YOL...

Tatvan'dan kar yağışı başlamıştı çıkarken, öyle uğurlamıştı memleket, Adana'da ise yağmur, güneş, biraz soğuk ama tüm kaldırımları süsleyen, yemyeşil dal ve yapraklar içinde küçük turuncu renkli toplarla kaplı gibi turunç ağaçları karşılamıştı...

Evlatlar teker teker üç bir yandan geldiğinde seksenlere merdiven dayamış anne ve babanın mutluluğu gözlerinden okunuyordu, evlat nedir, yokluk nedir, analık babalık nedir, kıymet vefa nedir, sorumluluk nedir onlardan sorulmalı öğrenilmeliydi hiç şüphesiz...

Büyük hastaneler, teknik imkanlar ne kadar iyi bir altyapı olursa olsun hastaneleri hastane yapan iyi hekimler ve iyi hemşirelerdir öncelikle...Adana Şehir Hastanesi de aynen öyle olmalıydı...

Ameliyatın iyi geçmesi, sorunsuz takip süreci moral olmuş, yokluğumuzu hissettirmeyen Sevgül teyzem ve Uğur Abiye de sonsuz teşekkürler sunmak olmazsa olmazdı...

Kasım ayında Adilcevaz'dan Adana'ya uğurlarken anne babayı biletler yüz otuz TL idi, beş ay geçmedi üç yüz elli TL olmuş Tatvan Adana, ve asıl sürpriz sabah Adana'da dönüş biletini de alayım dediğimde gece yarısı biletin dört yüz TL olduğunu öğreniyorduk, rejimin lağım şebekesi gibi çalışan radyo ve televizyonlar enflasyonun yüzde kırk olduğunu söylüyor hâlâ...

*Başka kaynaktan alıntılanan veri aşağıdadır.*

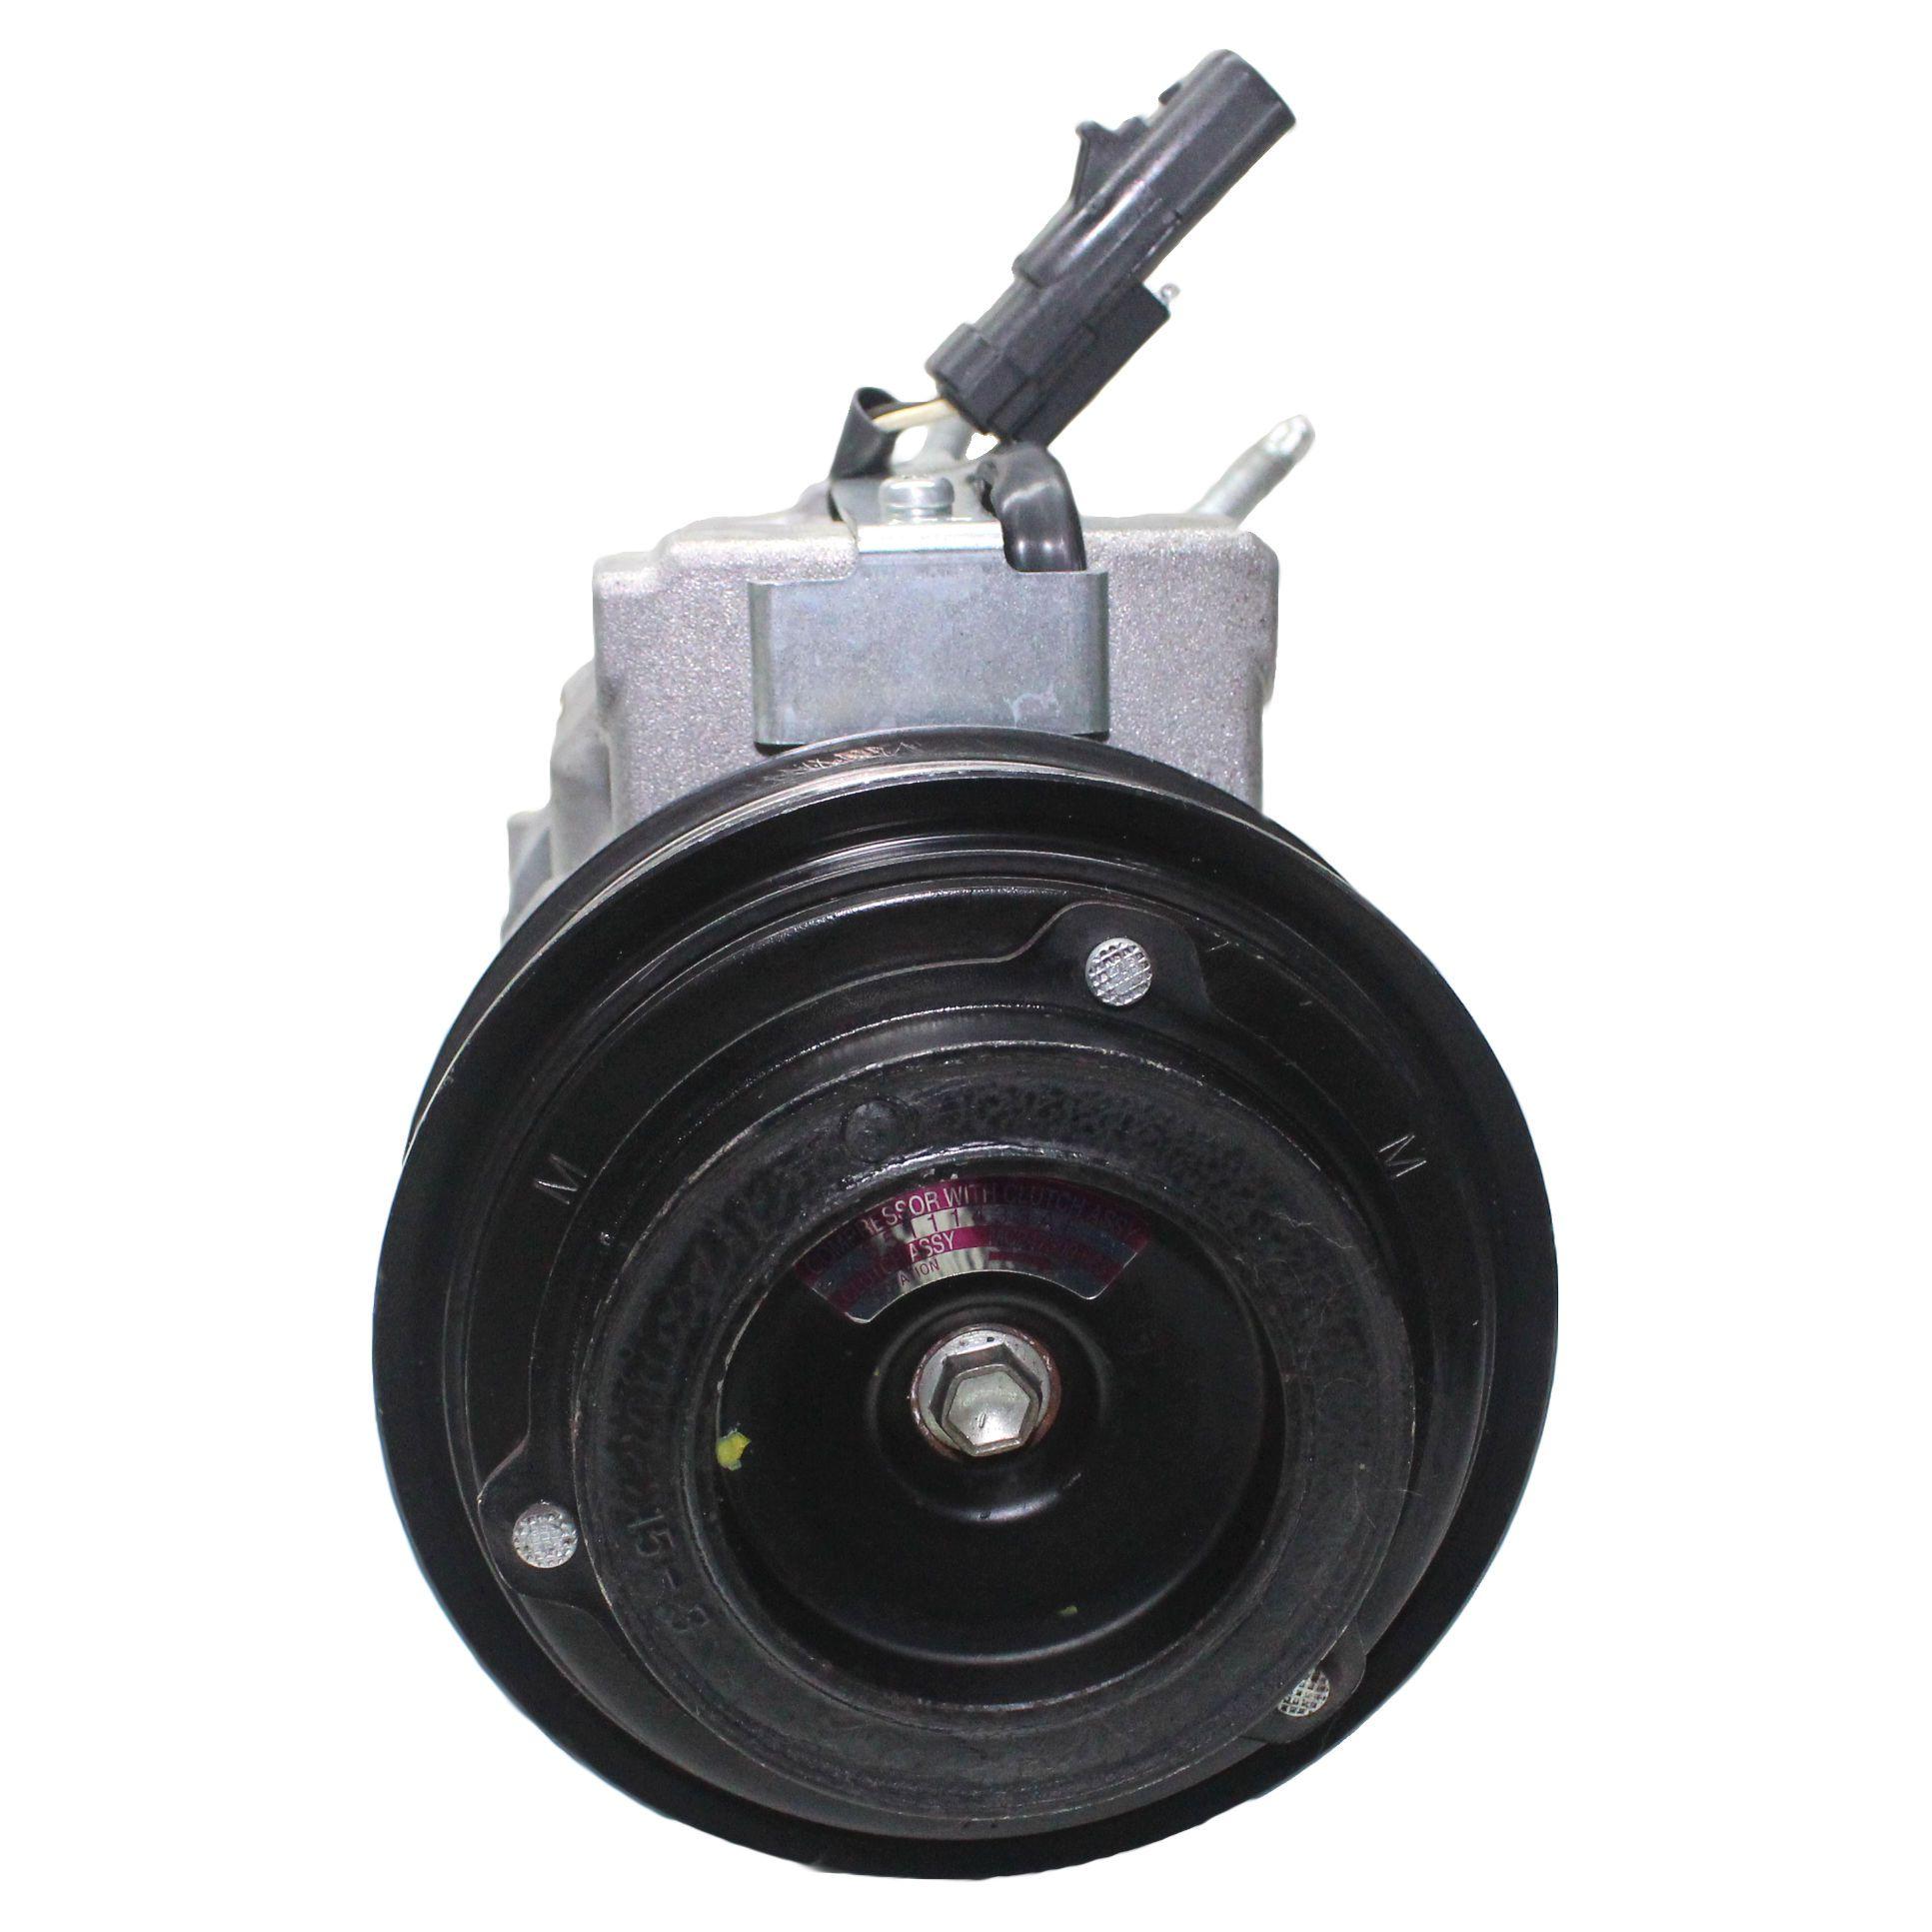 Compressor Ar Condicionado Denso Freemont 2.4 MC247300583 / 4472800152 - Recon

Bilboardlarda CHP'li belediyelerin hizmetleri var, başarısız oldukları söylenemez sanırım ama Orhan Kemal kültür sanat etkinliği en çok ilgimi çekendi ve hemen aklıma Orhan Kemal'in babasının Atatürk döneminde muhalif siyaset yapması nedeniyle tutuklandığı, sonrasında Suriye'ye kaçma zorunda kaldığı geldi aynı oğlu Orhan Kemal'in de bir kaç kez tutuklandığı gibi...Günümüz sorgusuz sualsiz Cumhuriyet ve Atatürk severlerin bu konu hakkındaki fikirlerini hep merak etmişimdir...

Adana denince akla kebap şalgam geliyor ve muhteşem salatalar, yeşillikler elbette, misafir edenler sağolsun mahrum etmediler bizleri, keselerine bereket...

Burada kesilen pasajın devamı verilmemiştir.